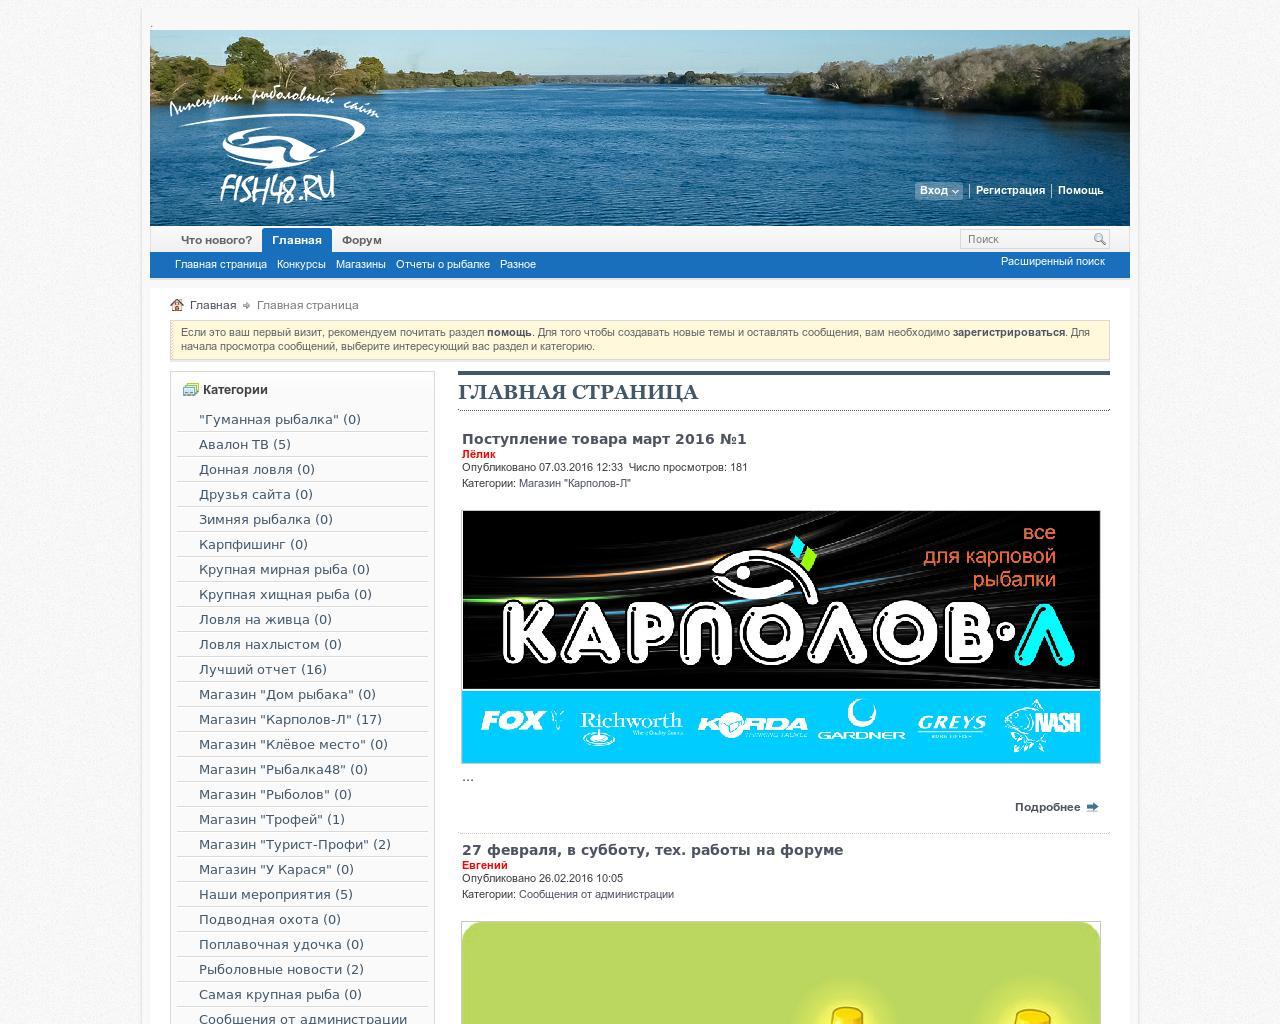 хорошие рыболовные сайты
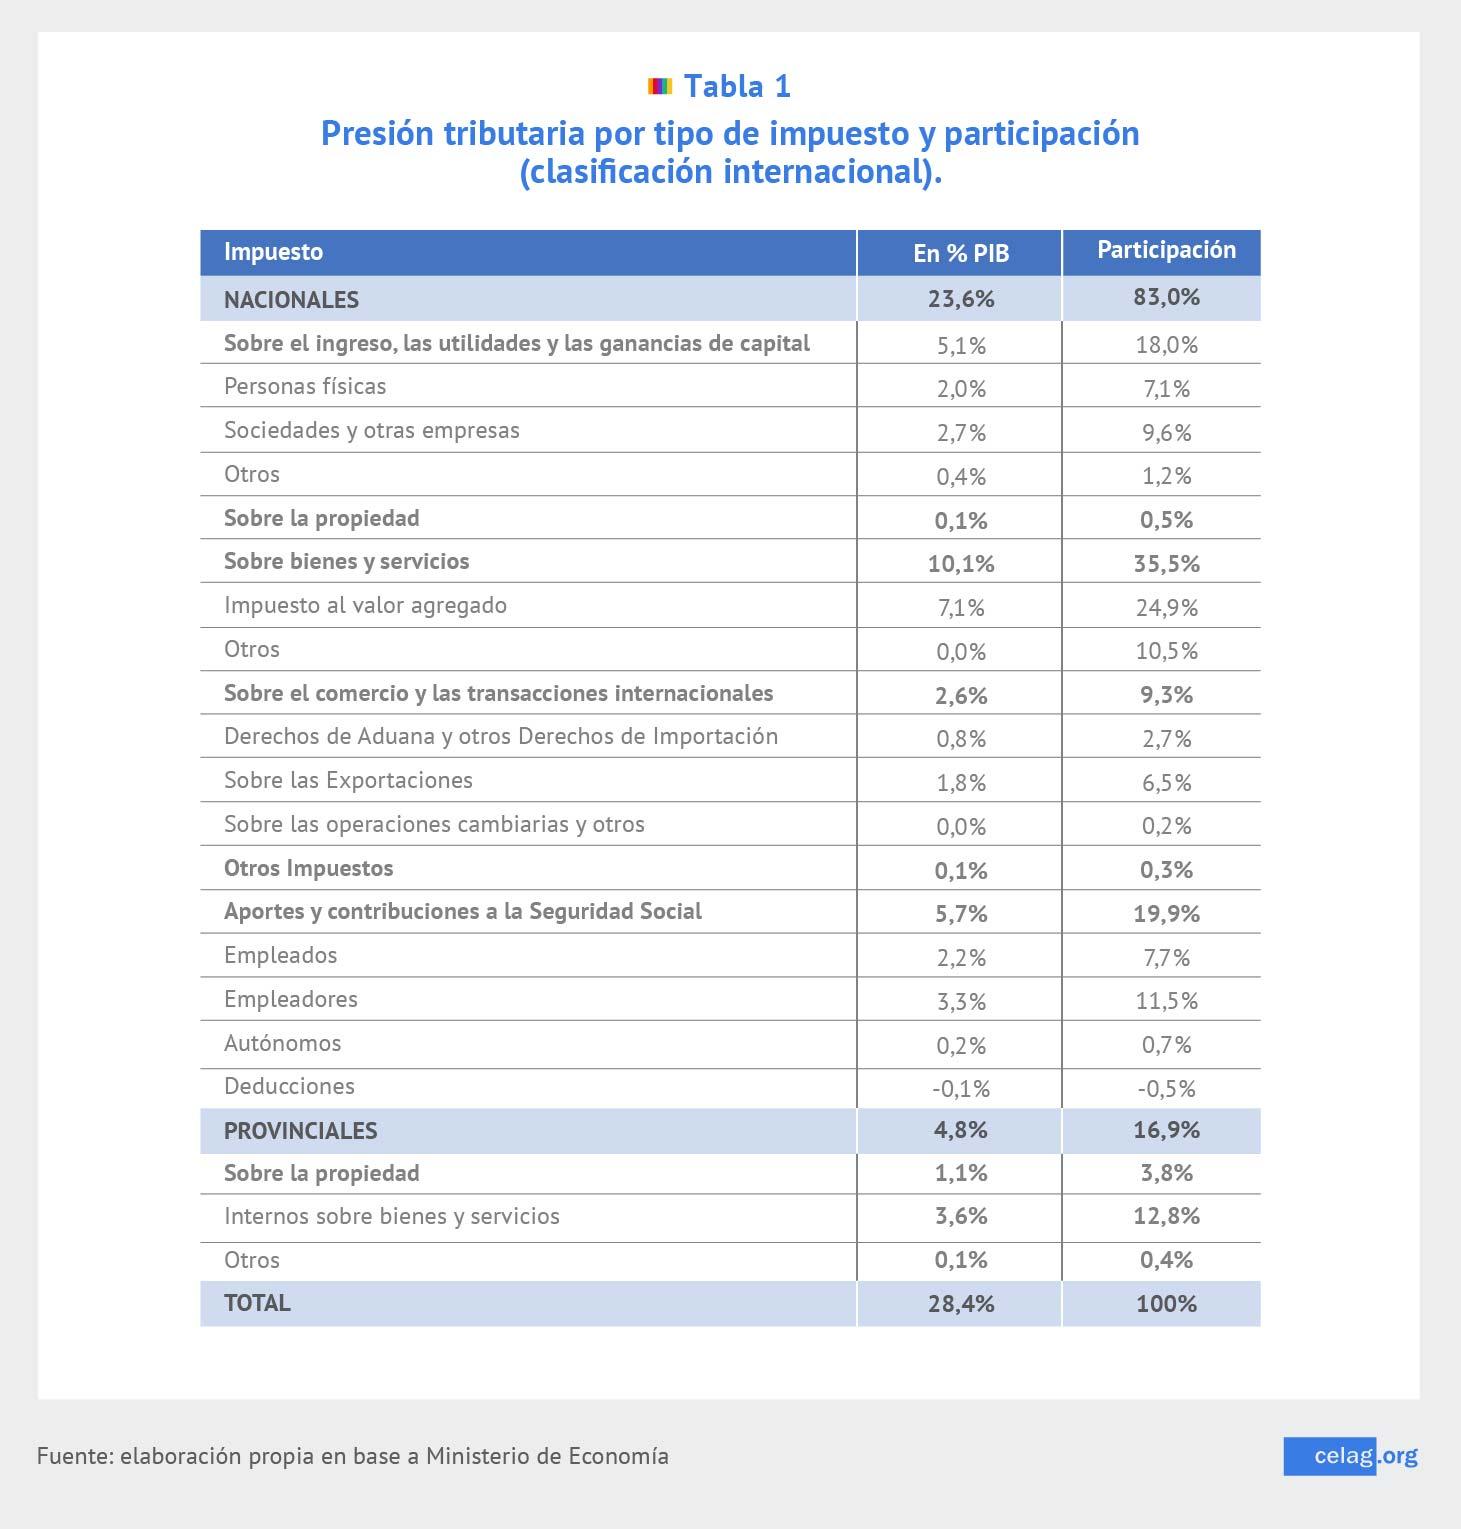 Presión tributaria por tipo de impuesto y participación
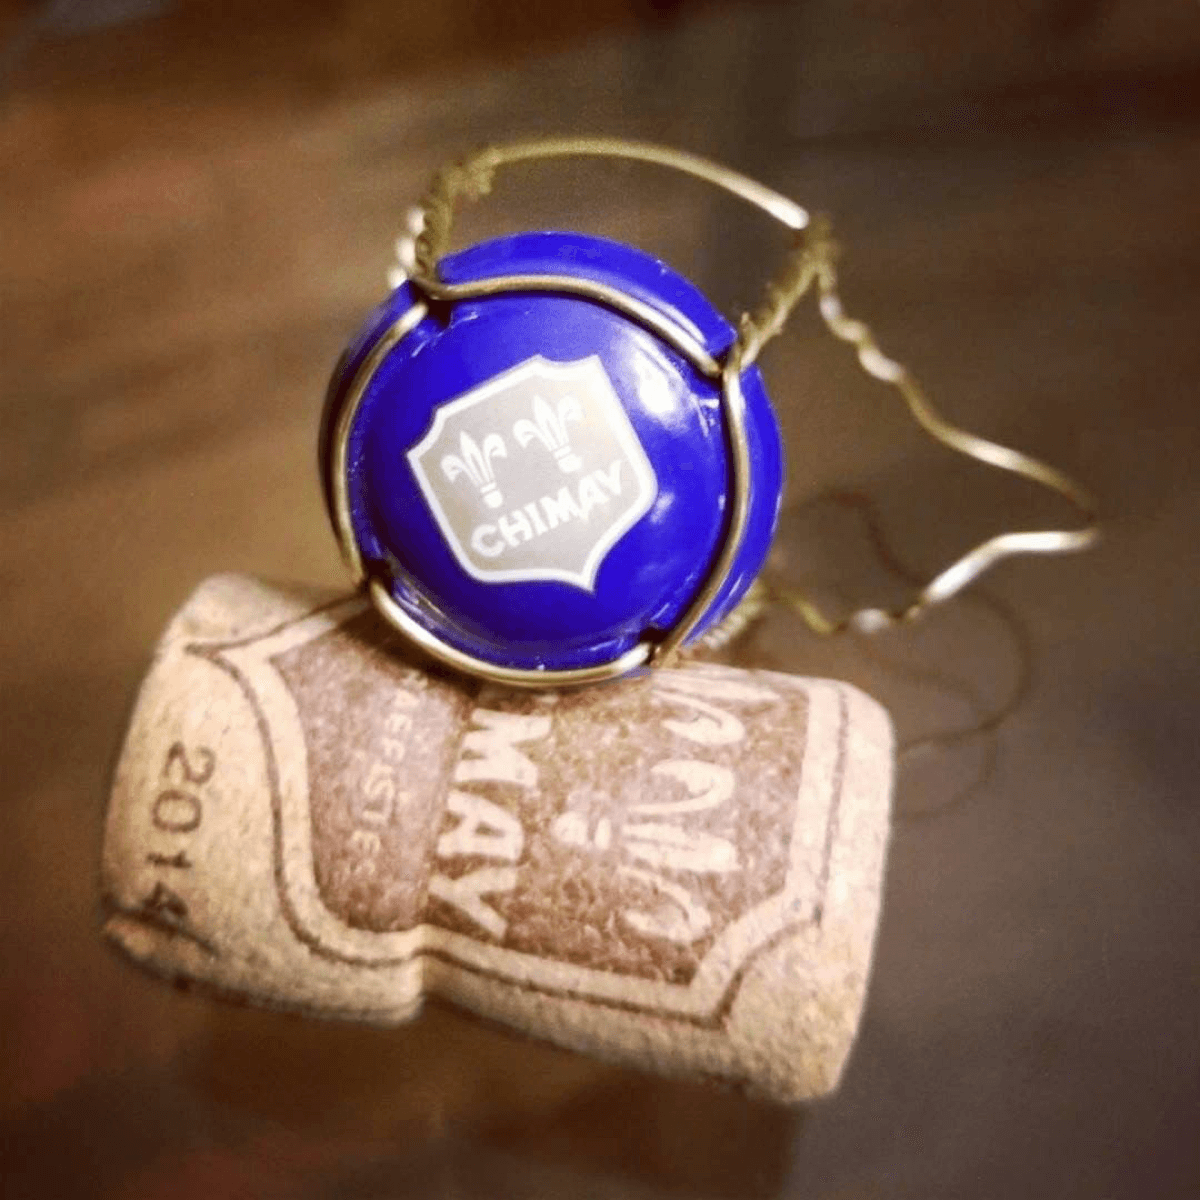 La Chimay Bleue tire son nom de la couleur de sa capsule
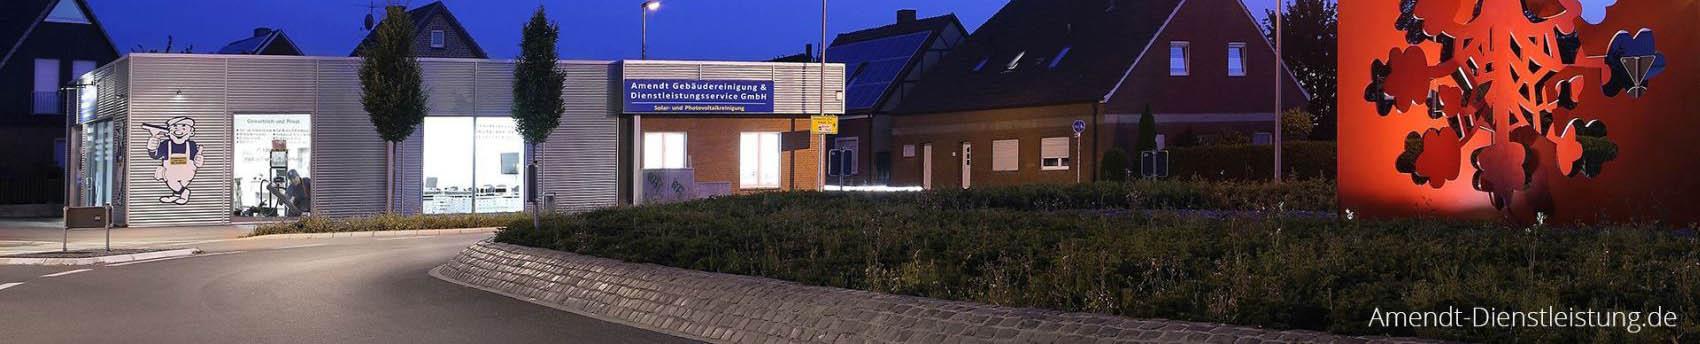 Gebäudereinigung-Münster-Amendt-Dienstleistungsservice-Firmenzentrale-Telgte-_
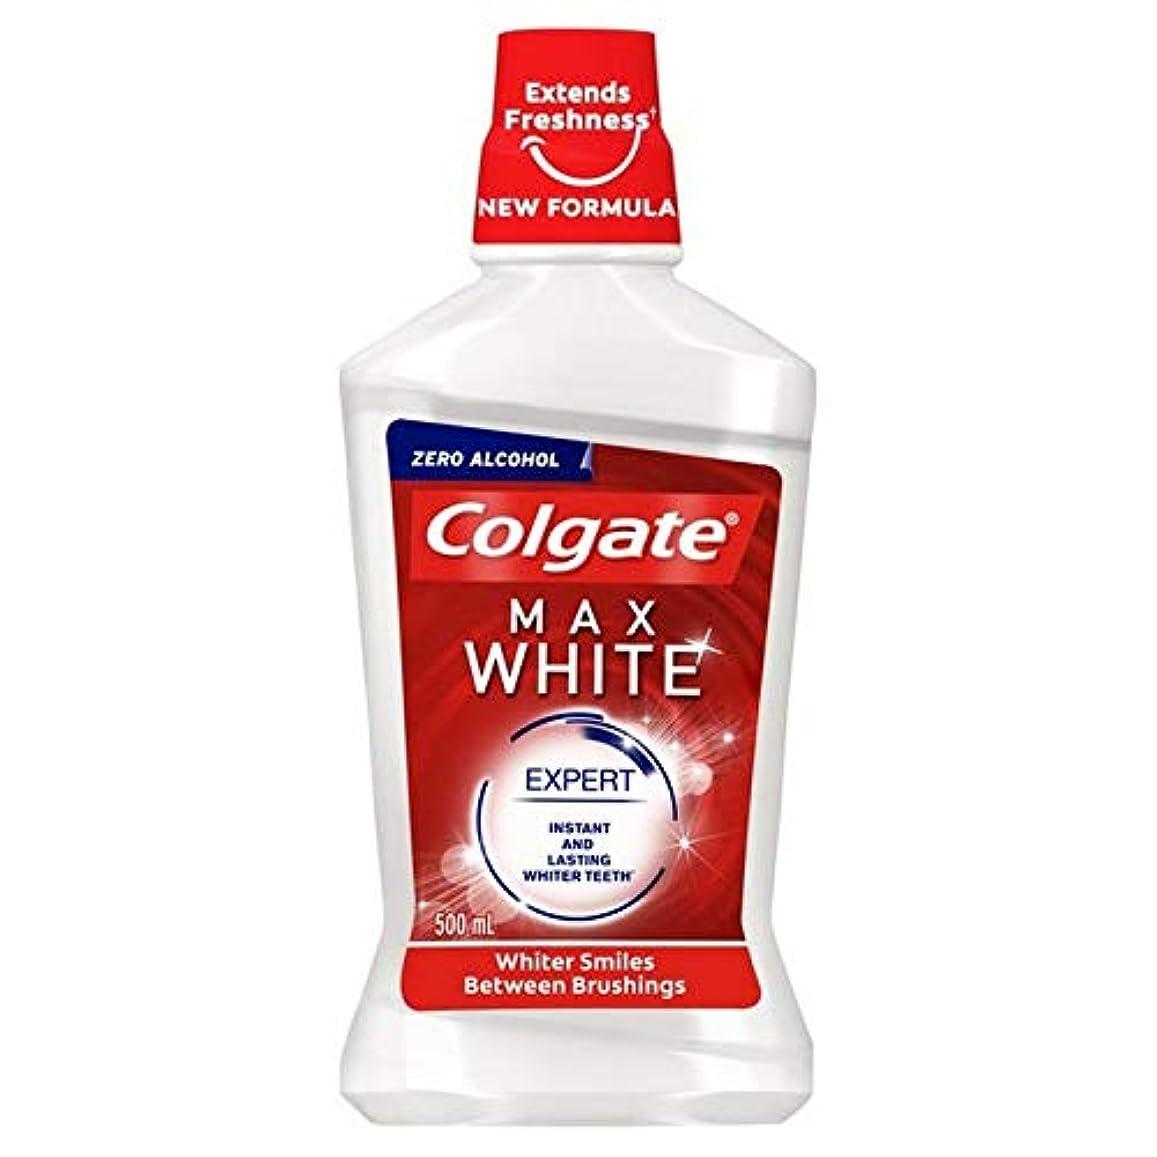 敬礼しないアプローチ[Colgate ] コルゲートマックスホワイトホワイトニングマウスウォッシュ500ミリリットル - Colgate Max White Whitening Mouthwash 500ml [並行輸入品]

:: Your task ::
Everything in the entries above must be output again exactly, except the pictures.

:: Problem solution ::
 хорошие рыболовные сайты
 Presión tributaria por tipo de impuesto y participación
 La Chimay Bleue tire son nom de la couleur de sa capsule
 Gebäudereinigung-Münster-Amendt-Dienstleistungsservice-Firmenzentrale-Telgte-_
 敬礼しないアプローチ[Colgate ] コルゲートマックスホワイトホワイトニングマウスウォッシュ500ミリリットル - Colgate Max White Whitening Mouthwash 500ml [並行輸入品]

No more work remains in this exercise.